------ Information supplied ------
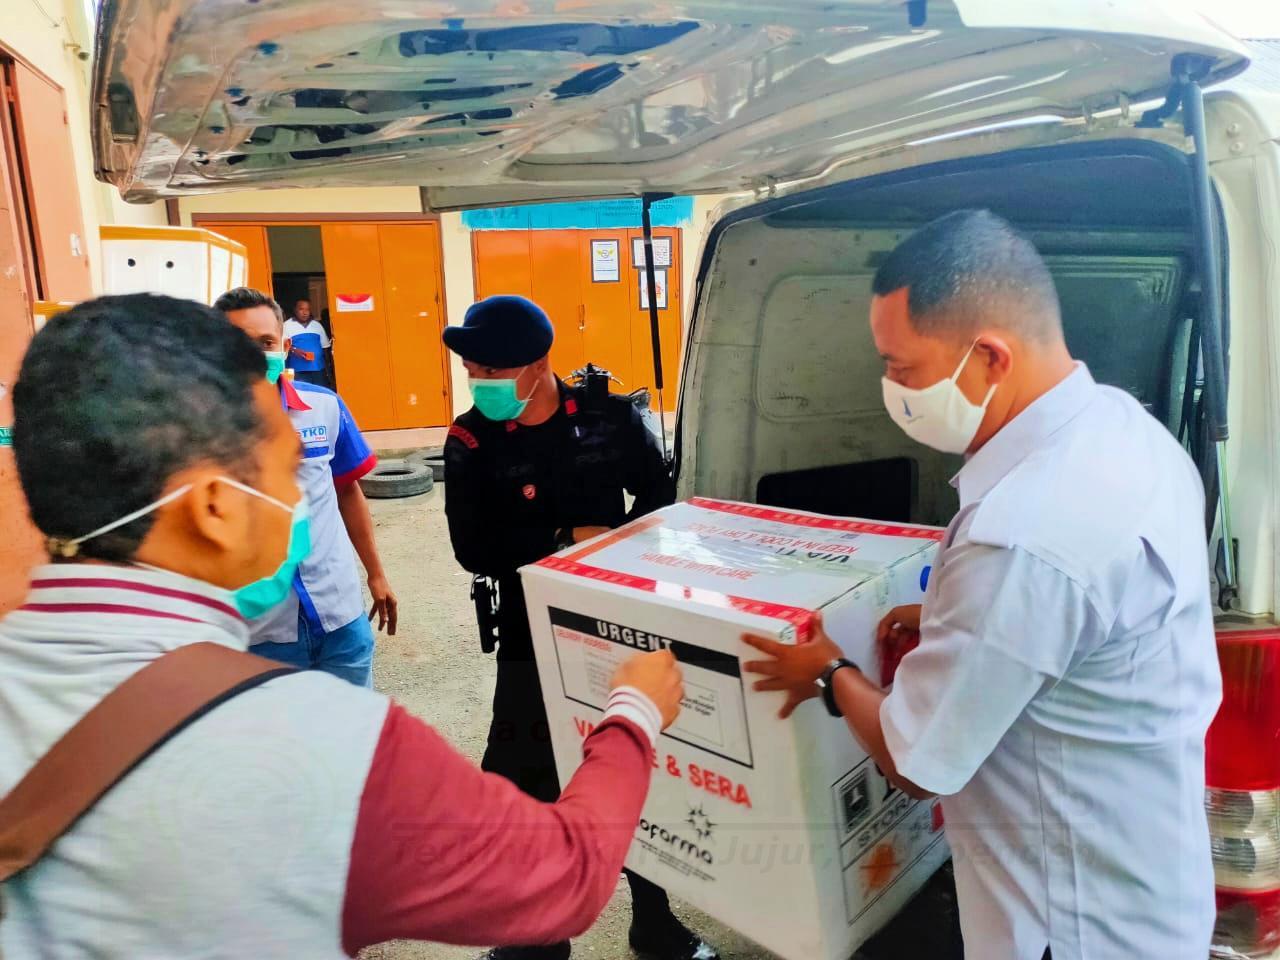 Tiba di Kota Sorong 2.600 Vaksin Sinovac Dikawal Langsung Batalyon B Pelopor dan Subden 2 Gegana 3 IMG 20210114 163600
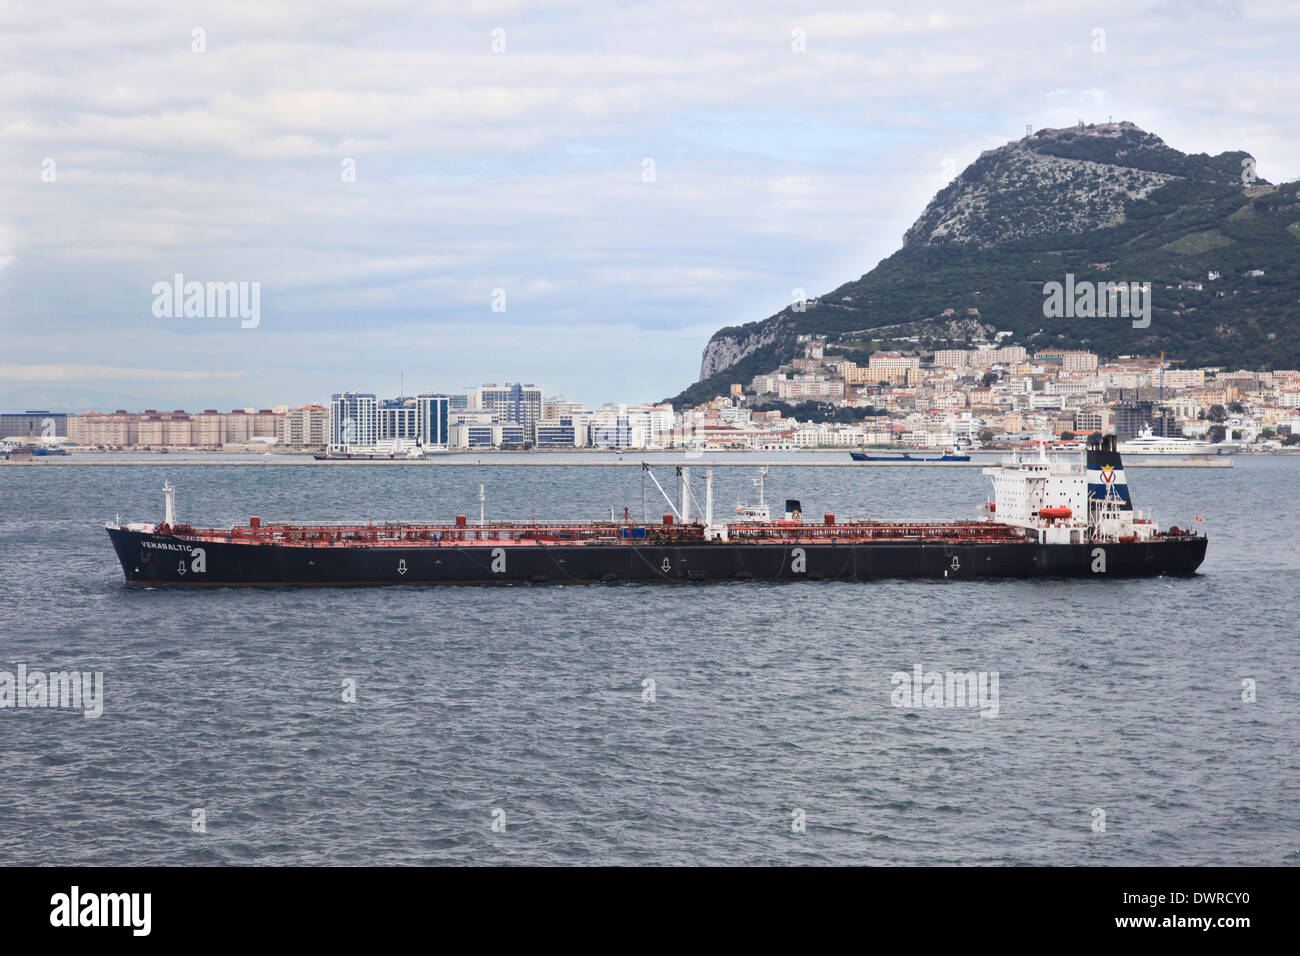 Crude oil tanker VEMABALTIC anchored in Gibraltar harbor - Stock Image
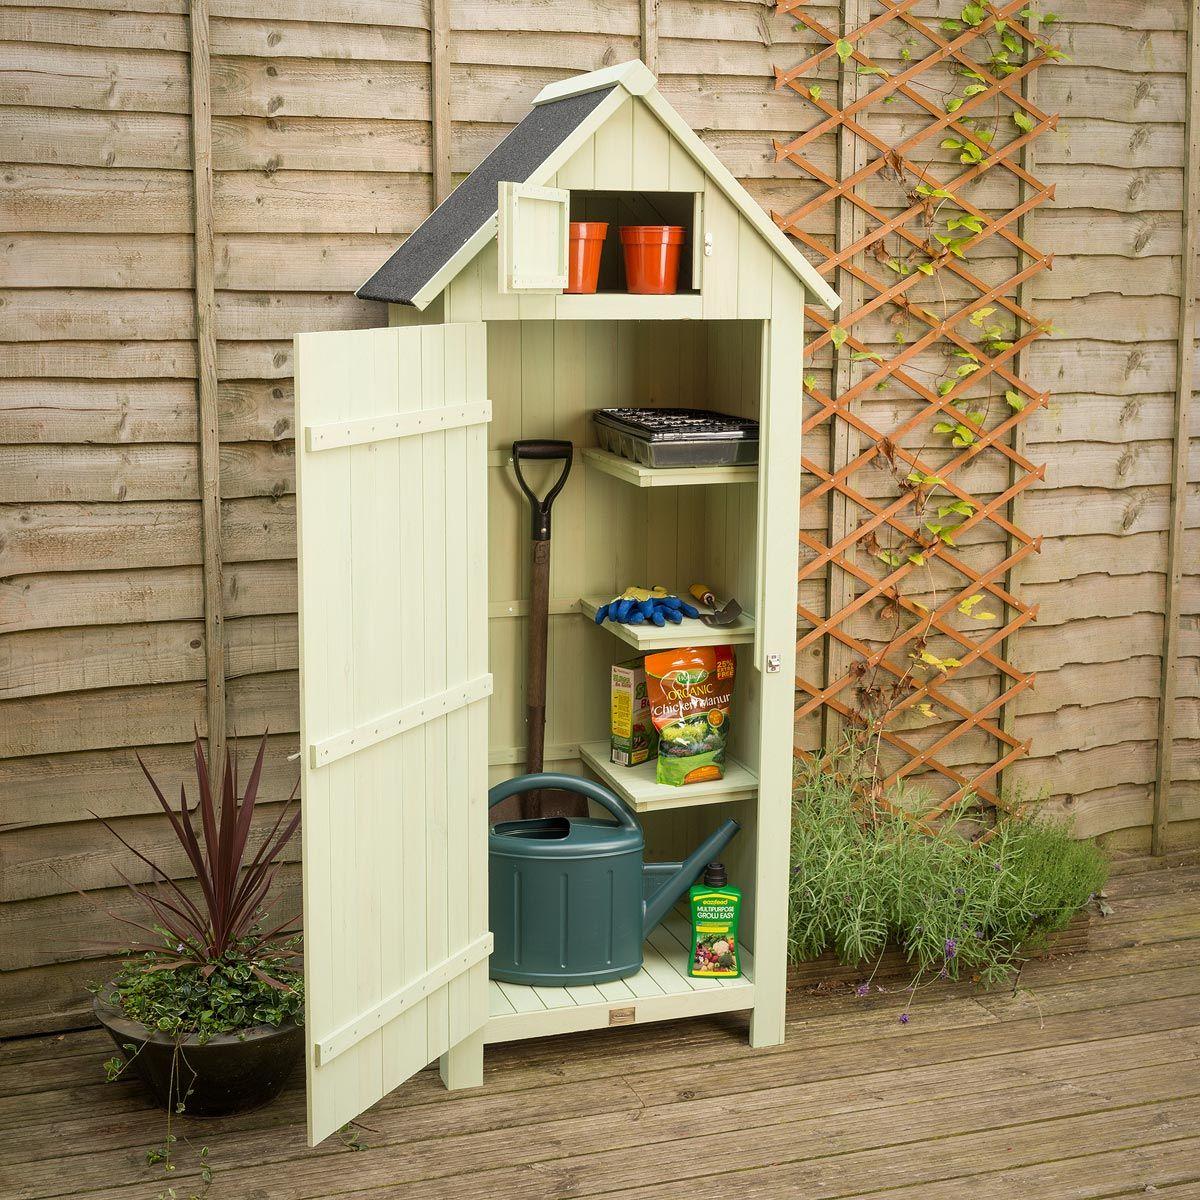 Christow Slimline Garden Shed With Lockable Door | Small garden ...
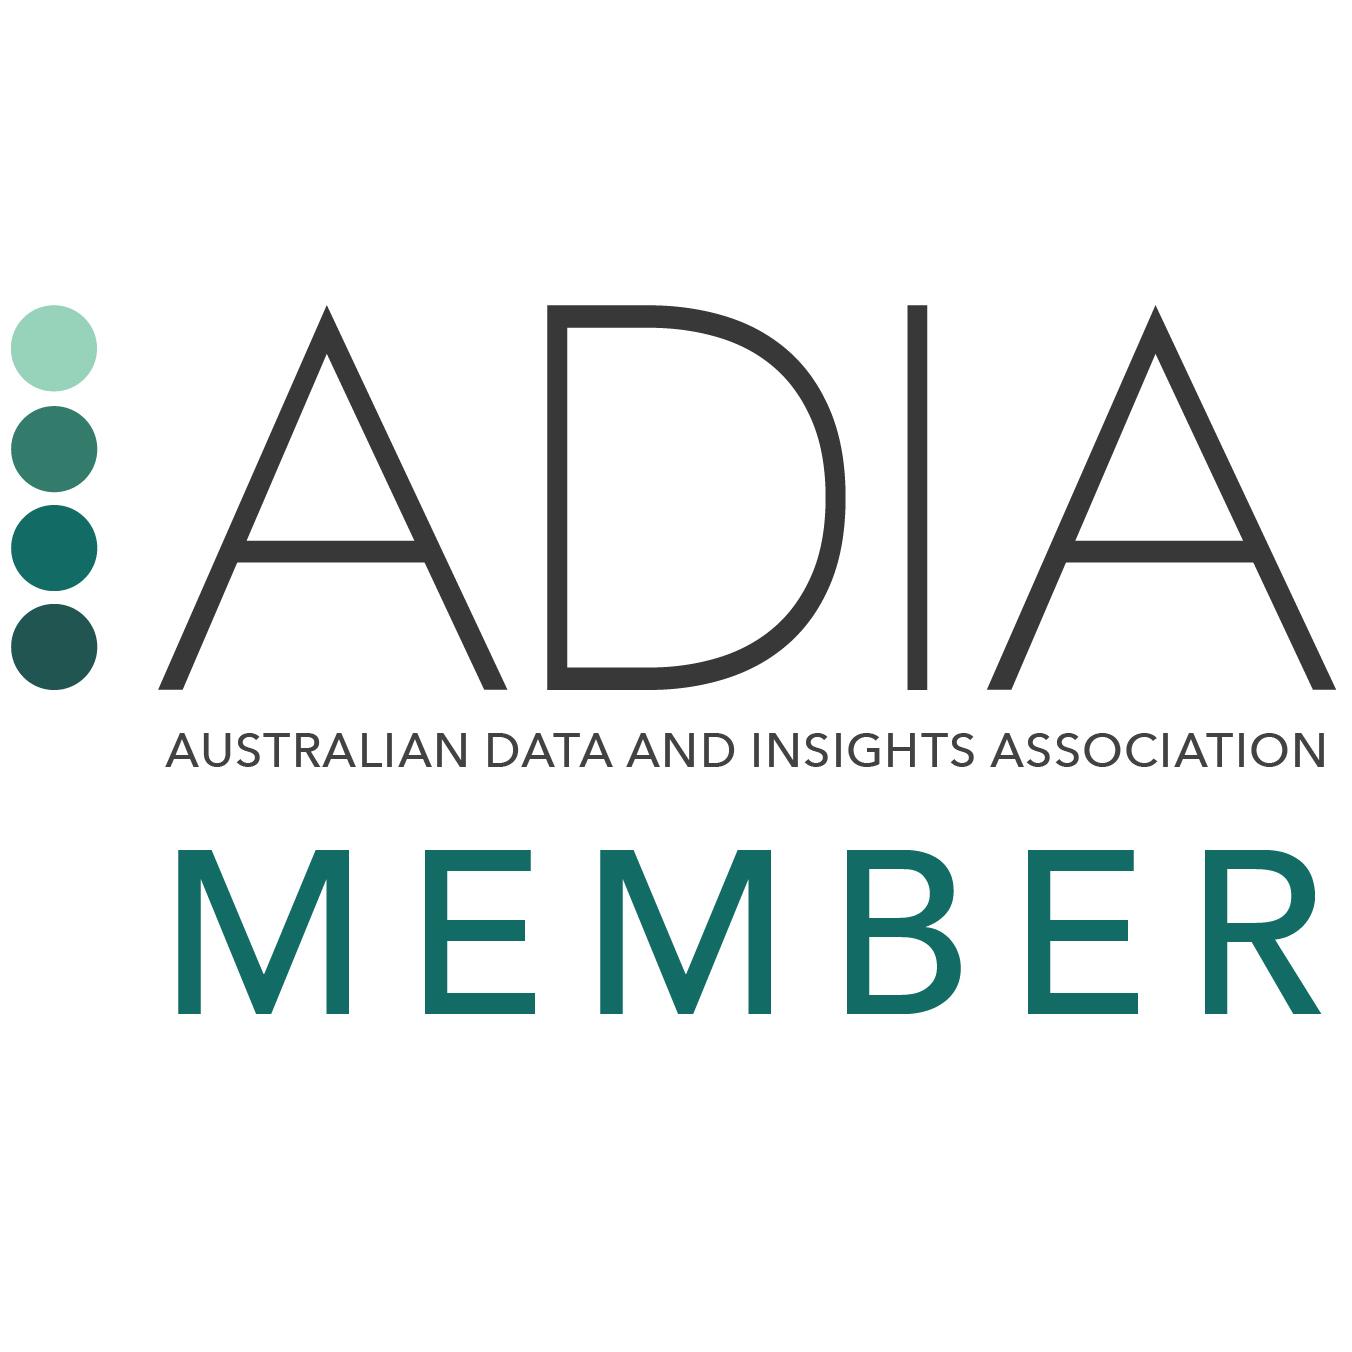 Australian Data and Insights Association
------
* _Task goal_
The line containing "Crude oil tanker" and every line after it, through the end of the material above, are to be printed exactly; no pictures belong in the output.

* _Response area_
 Crude oil tanker VEMABALTIC anchored in Gibraltar harbor - Stock Image
 Christow Slimline Garden Shed With Lockable Door | Small garden ...
 Australian Data and Insights Association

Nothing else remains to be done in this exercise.